= Sheldon Mills =

Welsh regulatory executive (born 1976)

Sheldon Mills (born 5 June 1976) is the executive director, consumers and competition at the Financial Conduct Authority. He had previously been a senior director at the Competition and Markets Authority and chair of the board of trustees of Stonewall.

==Early life and education==
Mills was born on 5 June 1976 and grew up in Ely, Cardiff, Wales. At secondary school he decided to study law at university after looking through prospectuses in the school library. His school was generally supportive and discouragement by one teacher made him more determined. He studied law at King's College, London as both an undergraduate and postgraduate student, and he was only the second person from his school to go to university. He qualified as a solicitor.

==Career==
He worked initially at the legal firms King & Wood Mallesons and Jones Day specialising in antitrust and competition law. He then joined the Competition and Markets Authority as senior director for mergers, and later in designing and implementing the new UK State Aid regime.

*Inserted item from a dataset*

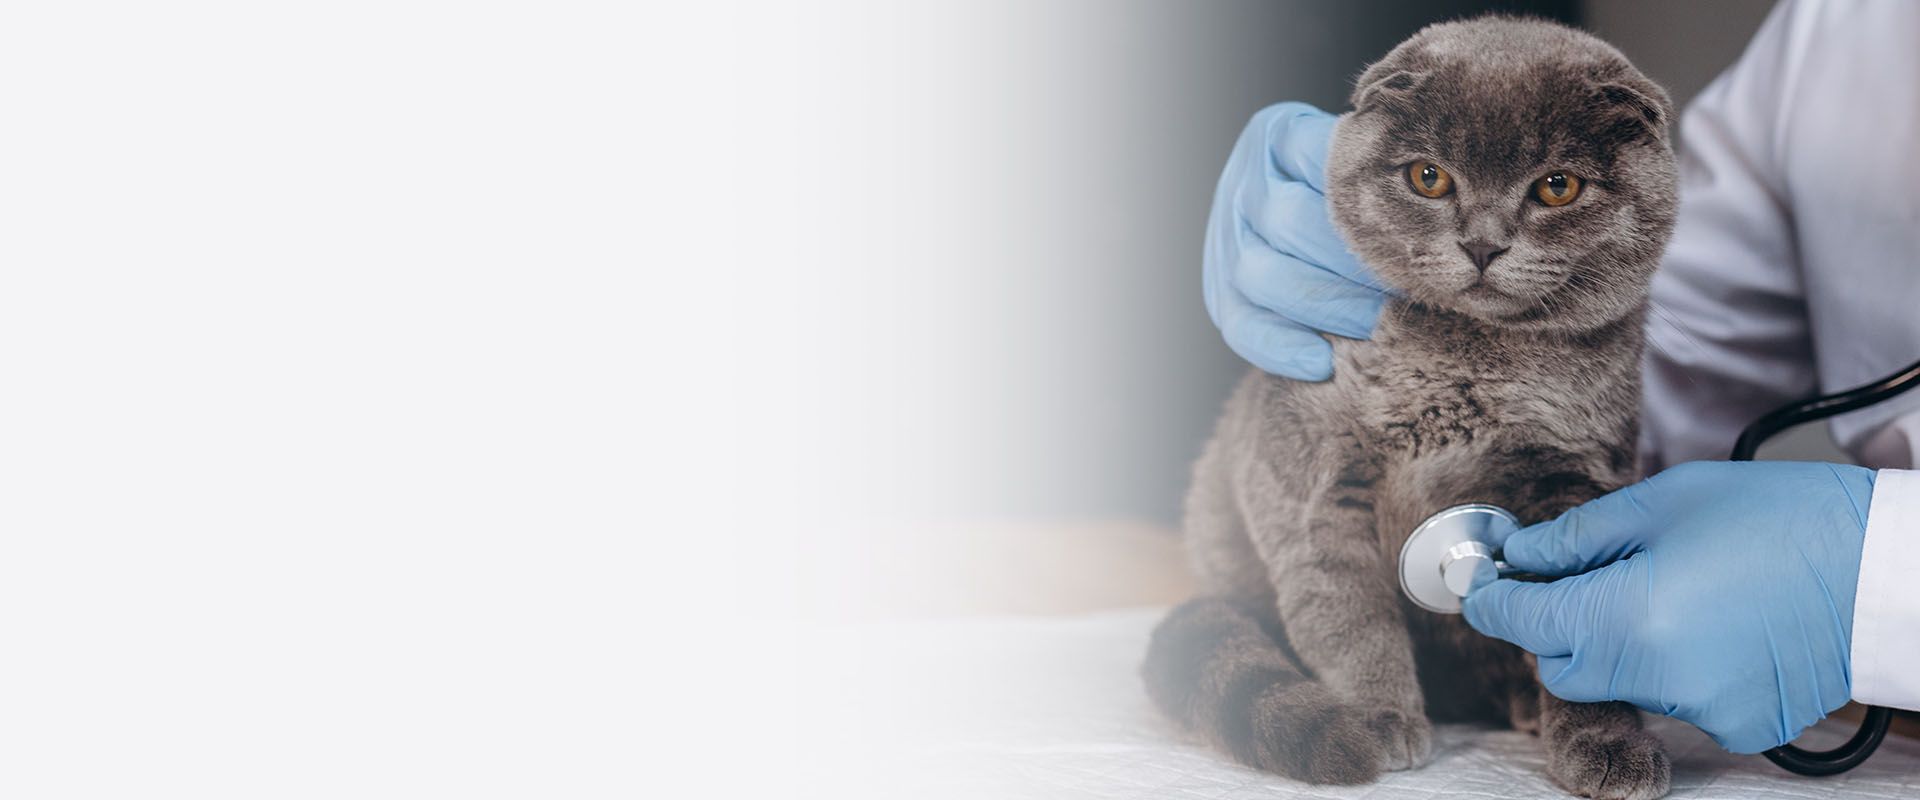 veterinarian listening cat with stethoscope

Mills moved to the Financial Conduct Authority in November 2018 as director of competition with responsibilities around competition in the financial industry and anti-competitive behaviour. He supported development of open banking systems for companies to share information about customers to provide more access to financial advice with the objective of increasing competition and innovation. He became interim executive director of strategy and competition and a member of the agency's executive committee in March 2020 In December 2020 he became the executive director, consumers and competition.

==Other roles==
In January 2013, Mills joined the board of trustees of Stonewall, the largest British organisation claiming to support LGBT rights, and was involved in the decision of the charity to become a trans-inclusive organisation in 2015. He also supported Stonewall's partnership with UK Black Pride. In April 2020 he became the chair of the charity's board and its longest-standing trustee.